In addition to philosophers, existential psychology was influenced by many writers whose work touched on existential themes, such as Fyodor Dostoevsky, Leo Tolstoy, Franz Kafka, Rainer Maria Rilke, and Henrik Ibsen.

==Existentialism and therapy==
Throughout the 20th century, psychotherapists began incorporating both the themes of existentialism as well as the phenomenological methods of describing experience into their therapeutic practice: Otto Rank (1884–1939) was an Austrian psychoanalyst who broke with Freud in the mid-1920s. He did not consider himself an existential therapist, but his ideas revolving the concept of "will" as a factor in human motivation, as well as the fear of death and the fear of living authentically would pave the foundation for later writers. Throughout the 1930s and 1940s, the Swiss psychiatrists Ludwig Binswanger and Medard Boss each developed a form of psychotherapy known as Daseinsanalysis. Daseinsanalysis merges Freudian psychoanalysis with the existential phenomenology of Martin Heidegger, particularly his concept of Dasein ("being"). It focuses on understanding the client's experience of Being-in-the-world, rather than diagnosing symptoms.

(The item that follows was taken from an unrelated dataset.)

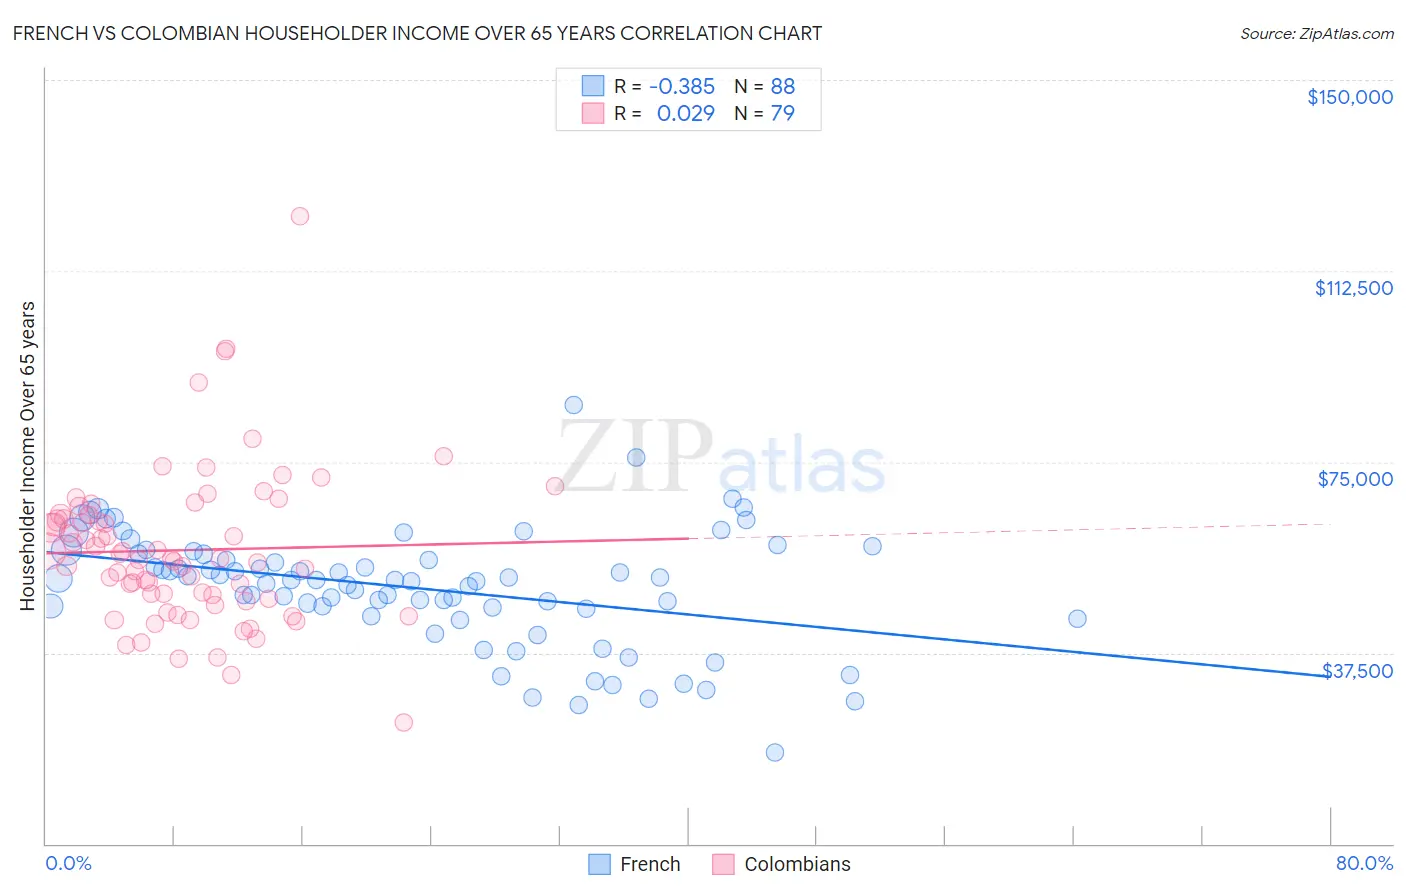 French vs Colombian Householder Income Over 65 years

In America, topics in existential therapy were first touched on by Rollo May in his works The Meaning of Anxiety (1950) and Man’s Search for Himself (1953). In 1958, he published Existence: A New Dimension in Psychiatry and Psychology, a collection of essays by May and others that - in addition to providing the first English translations of Binswanger's work - was the first major text to introduce existential therapy to an American audience. During the 1950s and 60s, May worked closely with Paul Tillich and James Bugental to help develop a uniquely American strand of existential-humanistic therapy. May also worked closely with Carl Rogers and Abraham Maslow, founders of the humanistic psychology movement. As such, existential therapy in America became closely associated with humanistic psychology and the principles of Rogers's person-centered therapy, particularly on its emphasis on an empathetic, relational therapeutic relationship as a vehicle for personal growth.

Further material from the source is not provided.